When Stern arrived, however, he found students who needed more than sports equipment. 

“I was kind of naïve when I got over there,” Stern said. “I wasn’t expecting how impoverished these countries were. I [realized] these kids need a lot more than soccer jerseys. They actually probably need other things first.”

Students in Tanzania and other impoverished countries must pay a fee to attend school, and many require sponsorships to do so since they cannot afford it themselves. Schools have a limited supply of materials since they are often responsible for providing other necessities as well.

“[Schools] are mainly focused on feeding the kids and providing them with a lot of medicine,” Stern said. “That’s a particular in some places like West Africa where disease is pretty rampant.”

After spending two months with the school, Stern returned to Birmingham and set out to continue to fulfill needs in poor areas of the world. He recently began his freshman year at UAB and is studying public health and foreign languages with a focus on Spanish.
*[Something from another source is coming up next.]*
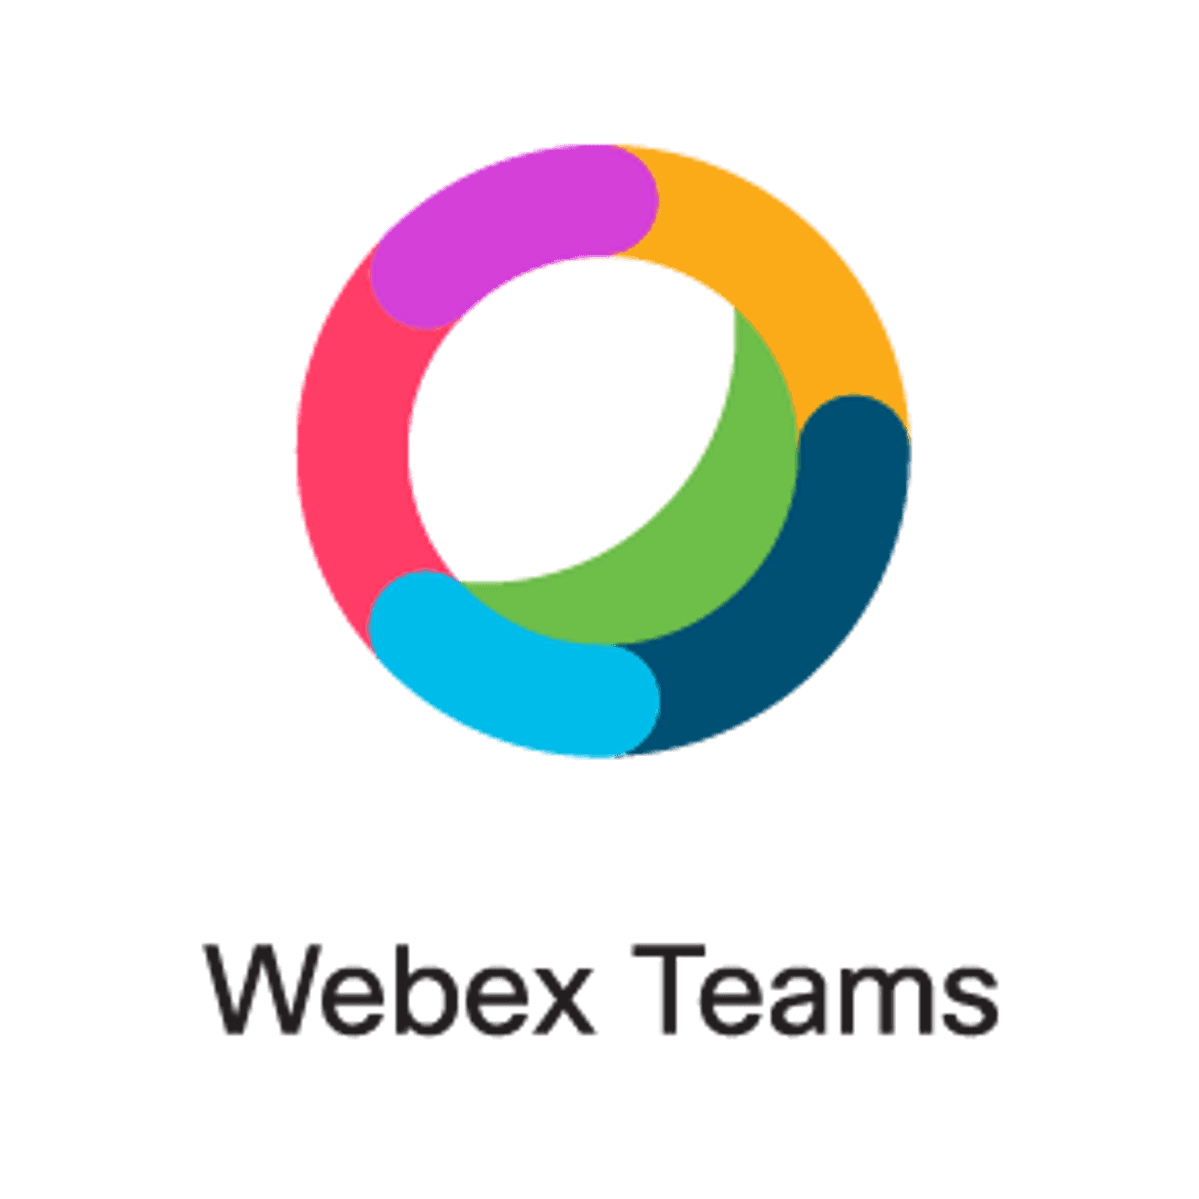 Teaching Lab TU Delft kiest voor Cisco WebEx Teams via Avit image

When deciding where to go next, Stern knew that his focus in Spanish would allow him to help more people. He made contact with a backpacker he met in Tanzania who connected him with Hogar de Niñas Madre Albertina, an orphanage in Granada, Nicaragua, for children with living parents who can no longer care for them due to economic or social reasons.
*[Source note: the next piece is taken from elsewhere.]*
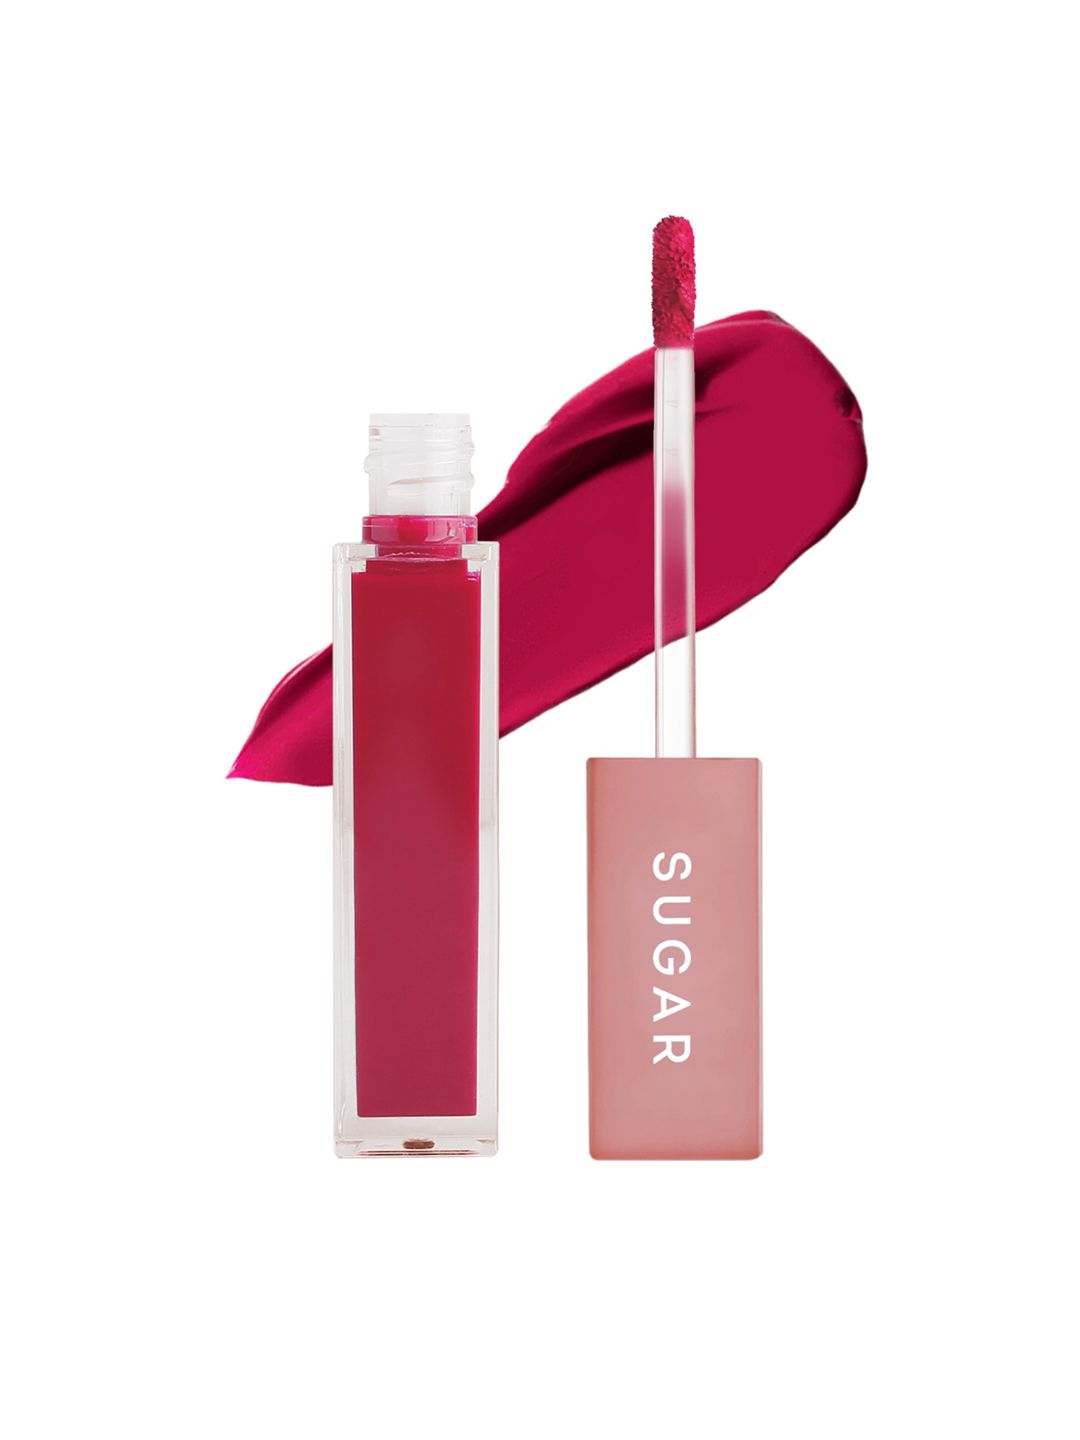 SUGAR Mettle Liquid Lipstick - Talitha Price in India

Stern was able to assess the needs of the students and has been collecting donations based on those needs. He will leave in June, hoping to distribute not only soccer gear, but also school supplies and donated sponsorships for students.

“There’s so much of an excess of opportunity in America that we can all use it to benefit other places where it’s not as present.” Stern said.

After school, Stern would like to continue to work with foreign cultures and help to alleviate poverty. With future Project Kits 4 Kids plans, he hopes to continue to focus of filling a real need in each community.

“I want to do something that is more impactful,” Stern said. “It’s not that sports equipment isn’t good or unappreciated, it’s just that a lot more can be done.”